Yang Ting (;  ; born 4 June 1993) is a Chinese footballer who currently plays for Chengdu Rongcheng.

Club career
Yang Ting started his professional football career in 2012 when he was promoted to China League One side Chengdu Blades's first team squad. He made his senior debut on 27 June 2012 in the third round of 2012 Chinese FA Cup against Jiangsu Sainty. He made his league debut on 1 July 2012 in a league match against Chongqing FC and scored his first senior goal in the match, which ensured Chengdu's 2–1 win. Yang became a regular starter of the club after his debut, playing 56 league matches for Chengdu between 2012 and 2014 season.

Yang transferred to Belgian Second Division side Tubize in February 2015 after Chengdu's dissolution. On 15 August 2015, he made his debut for Tubize in the fourth round of 2015–16 Belgian Cup against Charleroi-Marchienne. His league debut came on 17 October 2015, in a 6–1 away win against Heist, coming on for Andrei Camargo in the 81st minute.

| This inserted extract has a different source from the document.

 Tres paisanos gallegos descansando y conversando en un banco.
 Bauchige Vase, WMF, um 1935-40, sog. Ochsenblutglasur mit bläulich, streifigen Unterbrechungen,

Yang joined Chinese Super League side Guangzhou R&F in December 2015. On 10 May 2016, he made his debut for Guangzhou in the third round of 2016 Chinese FA Cup against Hainan Boying & Seamen. In August 2016, he was loaned to Hong Kong Premier League side R&F, which was the satellite team of Guangzhou R&F. He made his debut on 18 September 2016 in the 2016–17 Hong Kong Senior Challenge Shield against BC Glory Sky. He scored his first goal for the club on 30 September 2016, in a 2–1 away win against Hong Kong Pegasus. He scored another goal on 17 February 2017, in a 4–3 away win against Hong Kong FC.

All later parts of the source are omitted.